A 30‑year‑old patient was referred to the Maria Skłodowska‑Curie National Research Institute of Oncology in Warsaw with massive, nonoperable nodal involvement, which hindered upper extremity movements. Histopathologic and molecular analyses confirmed the diagnosis of BRAF V600E‑mutant melanoma of unknown primary origin, metastasized to the right axillary lymph nodes, with the largest lesion measuring 74 mm × 46 mm (cTxN3bM0, American Joint Committee on Cancer, 8th edition; Figure 1A). Apart from a positive family history of melanoma, the patient had no other identifiable risk factors. Following clinical evaluation, she was qualified for combined immune checkpoint inhibitor (ICI) therapy with ipilimumab and nivolumab, initiated on October 6, 2022.

During the first 3 months of combined ICI treatment, the patient experienced several immune‑related adverse events, including gastrointestinal toxicity and hepatotoxicity manifesting with hyperbilirubinemia (27.6 µmol/l; reference range, 5–21 µmol/l), while liver enzyme levels remained within normal limits. The most clinically significant adverse event was immune‑mediated pneumonitis, which resulted in exertional dyspnea and decreased oxygen saturation (94%). Chest radiography showed pulmonary infiltrates and atelectasis in the left lingular region (Figure 1B). Despite these complications, the patient demonstrated a favorable therapeutic response and achieved a significant reduction in tumor size, enabling surgical resection.
Right axillary lymphadenectomy resulted in the removal of 44 lymph nodes, 5 of which showed metastatic involvement with areas of tumor necrosis. The patient continued systemic treatment with nivolumab monotherapy. Due to the development of thyroiditis, manifesting as hyperthyroidism and exacerbation of psoriasis, the treatment was discontinued after 6 months of pseudoadjuvant therapy. The patient completed a total of 10 immunotherapy cycles. Post‑treatment positron emission tomography did not identify any lesions with high metabolic activity. Follow‑up computed tomography confirmed radiologic stability, with no recurrence observed (Figure 1C).

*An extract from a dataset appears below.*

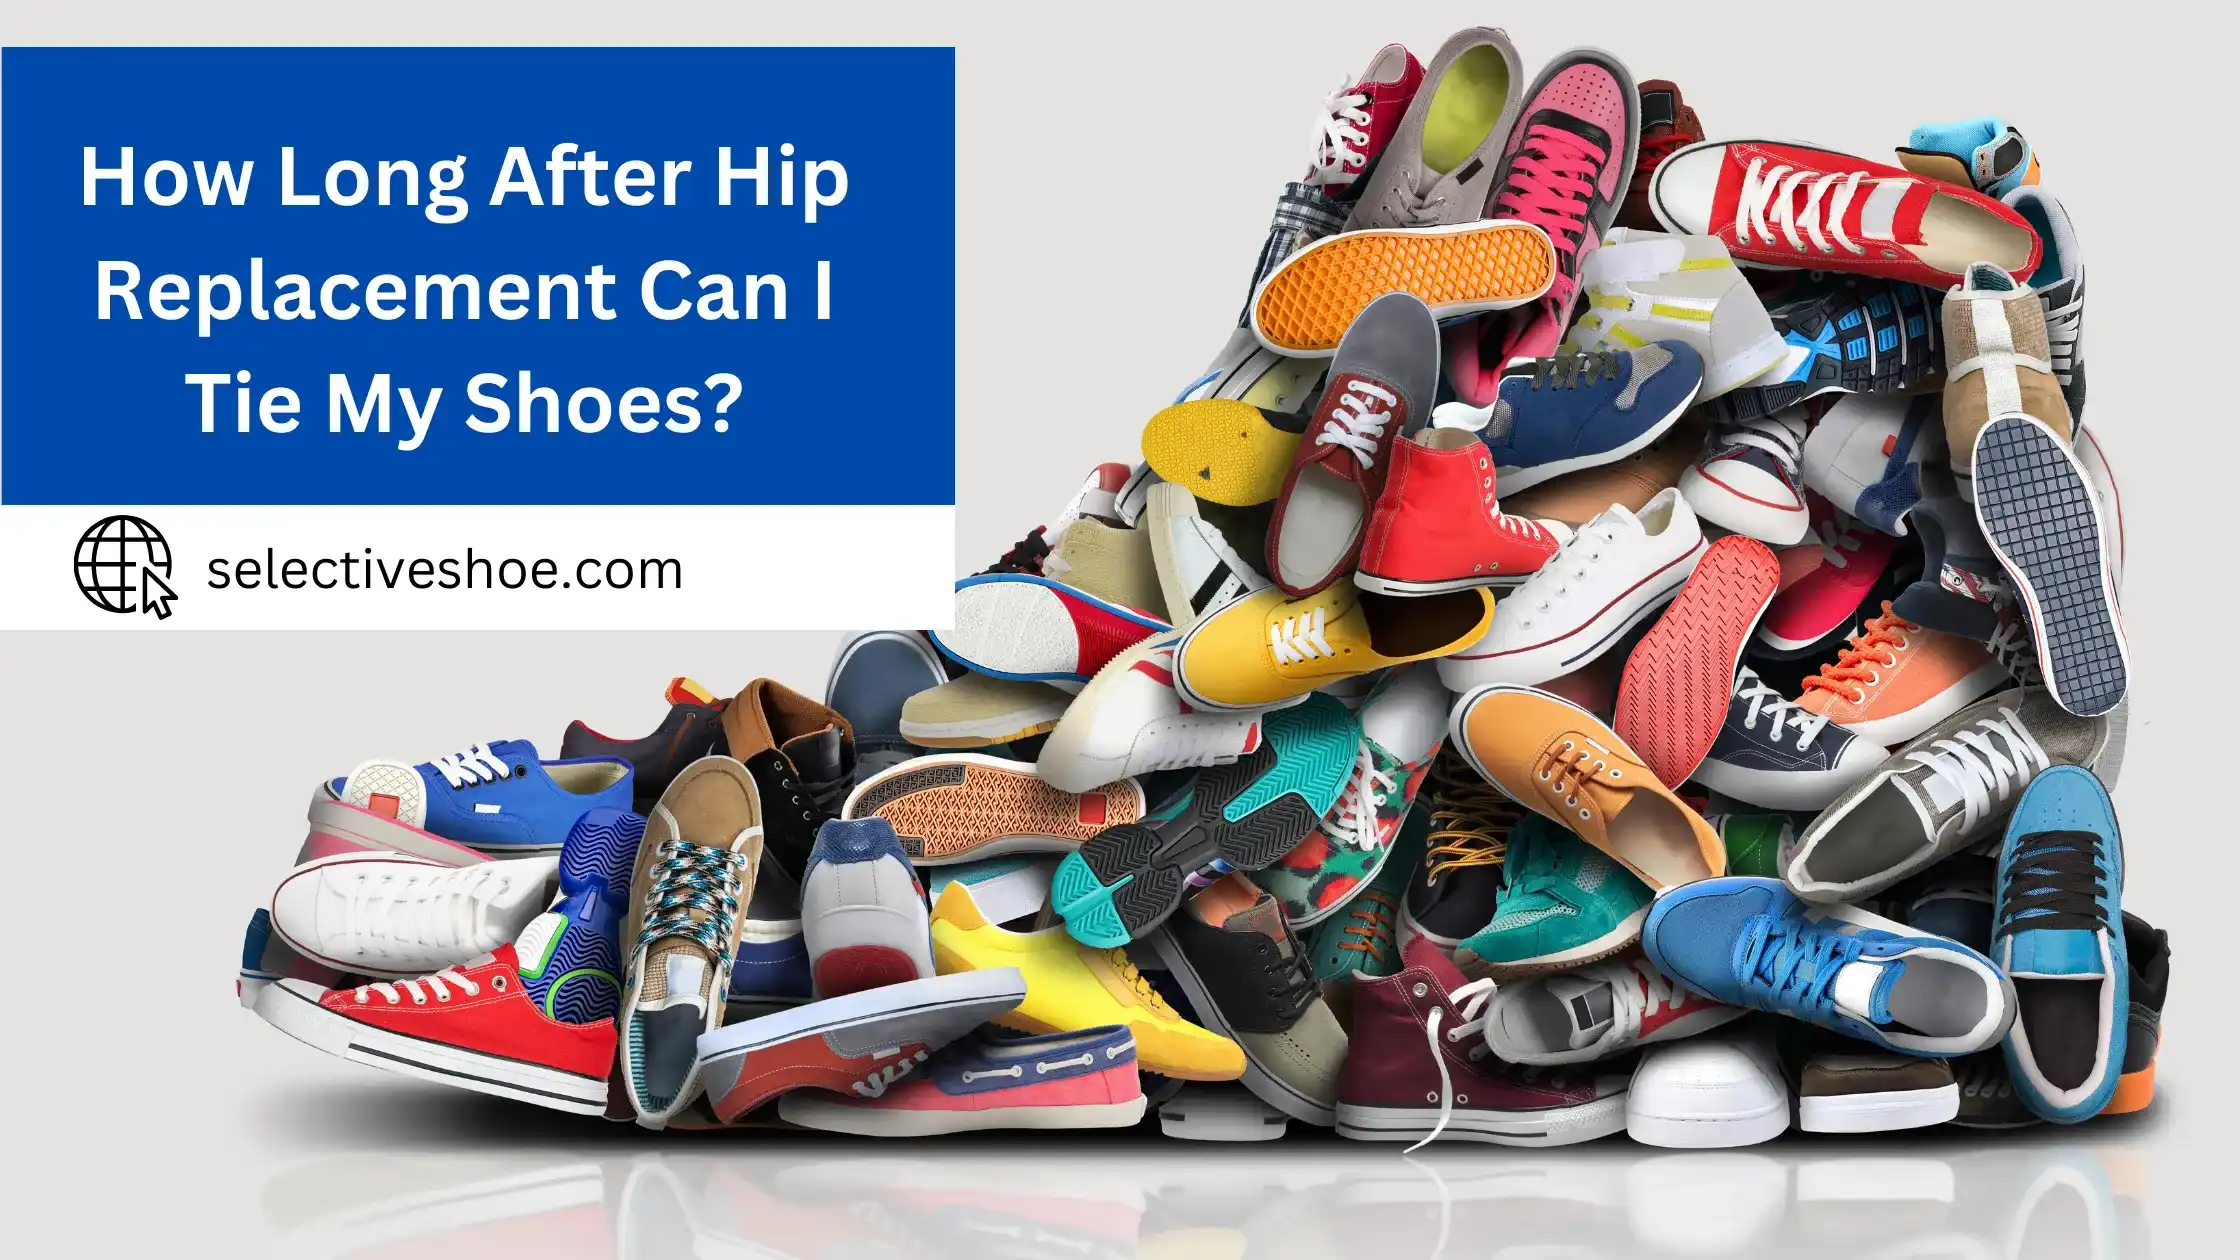 How Long After Hip Replacement Can I Tie My Shoes? Pro Tips

In the early stages of melanoma, surgery alone can lead to successful treatment and high survival rates, which decrease substantially once the cancer metastasizes.1 ICIs have remarkably improved treatment outcomes in advanced melanoma, resulting in significantly better objective response, progression‑free survival, and overall survival rates.2 The presented case of stage IIIC melanoma, achieving a complete response with combined immunotherapy followed by surgical resection, represents a particularly rare and favorable outcome.
Immune‑related adverse events affect approximately 40% of patients receiving checkpoint inhibitors and frequently involve multiple organs. Importantly, they often lead to treatment interruptions and high‑dose corticosteroid therapy, which can complicate and even compromise ongoing cancer treatment. This underscores the importance of vigilance regarding the diverse spectrum of immune‑related toxicities, including not only pneumonitis, hepatitis, or thyroiditis, as seen in our patient, but also rarer complications, such as checkpoint inhibitor–induced panhypophysitis with central diabetes insipidus.3,4
This case highlights the transformative potential of immunotherapy in advanced melanoma, where complete responses in highly advanced stages remain exceptional. It underscores the critical importance of a multidisciplinary approach and awareness in the management of immune‑related adverse events, which enables treatment continuation and sustained therapeutic benefit.